In the lore of the tabletop game, set about 30 years prior to the events in CD Projekt’s game, Nomads are powerful groups of literal road warriors. They formed close-knit clans and struggled to survive in a Mad Max-style apocalypse that played out for generations all throughout the interior of the United States.
By 2045, Nomads have inherited control over the flow of goods and services all around the world. They also are big players in the realm of space travel, maintaining supply routes to the off-world Highriders, descendants of laborers and engineers now living in space.
After selecting a background, players will use a point-based attribute system to assign values to five different stats: Body, Intelligence, Reflexes, Technical, and Cool.

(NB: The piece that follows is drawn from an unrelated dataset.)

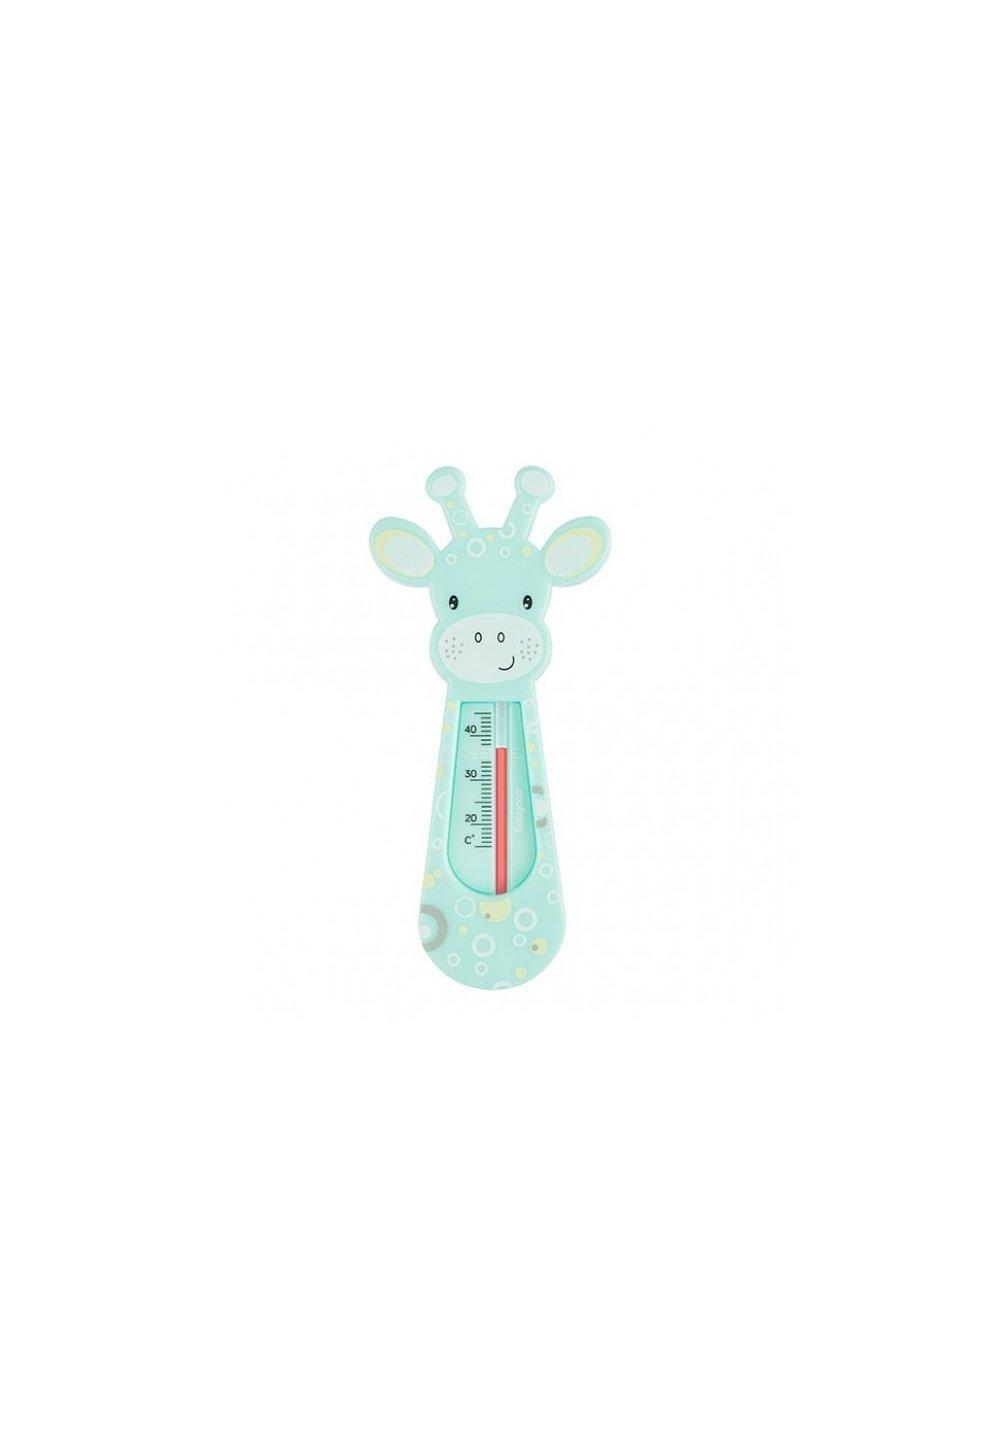 Termometru pentru baie, girafa turcoaz cu buline imagine

Hanging off these core attributes are sub-attributes. Body impacts the player’s skill with Shotguns and Two-Handed weapons, but also Athletics checks and Melee attacks. Cool impacts things like Assassination, Nerve, and your skill with Sniper Rifles. Meanwhile, Technical influences how good a character is at Engineering alone.
Clothing, armor, and crafting
Another screen also updates our understanding of how clothing and armor works in the game. Players will have an overall health score, but also four different types of resistances including Physical, Thermal, Chemical, and Electrical. Individual clothing options appear to have multiple slots for adding equipment and perks, so your character’s look won’t necessarily need to be limited by the resistances they need to make it through a given combat scenario.
There was also a new tab shown in the background of one screen, labeled crafting. We’re not quite sure how that system will be used yet.
CD Projekt has always been fairly wishy-washy on how Cyberpunk’s hacking mini-games will work. Today we got our first good look at Netrunning, which will allow you to take control of cameras, doors, and weapon systems in the game world. The implementation also feels heavily inspired by the new tabletop game, which has been praised for revising its Netrunning gameplay over the original.
Each player will have a Cyberdeck, an implant that allows them to interact with computers in the world through a port connected to a cable in their wrist. Cyberdecks allow a player to connect to the many disparate networks scattered throughout Night City.
Each player’s Cyberdeck will have a “buffer” that acts as a sort of spell book, holding a finite number of “programs” that can be used at a moment’s notice. Each program is represented by a number and a letter; the demo showed a grid of 25 programs on the left side of the screen. On the right side of the screen were a number of available hacks, each requiring multiple programs. Options included things like “Camera log” and “Officer training,” as well as secured data caches. Players mix and match programs while the clock ticks down, racing to match as many of the available options as possible before they’re discovered.
That means, under most circumstances, there’s no way to hack the entire system. Instead, players must pick and choose what parts to crack. But you never know exactly what you’ll get; you’ll need to guess at what you might be unlocking every time you perform a hack. That leaves room for CD Projekt to embed interesting narrative elements or perhaps unintended, story-based consequences for even the most successful hacks.
Once successfully hacked, new options for interactions hover over objects in the game-world, each one represented as a contextual option on the in-game HUD. They allow you to cause distractions — causing a vending machine to spit out soft drinks for instance — or set traps.
Cyberpunk 2077 will be released on April 16, 2020 for PlayStation 4, PC and Xbox One.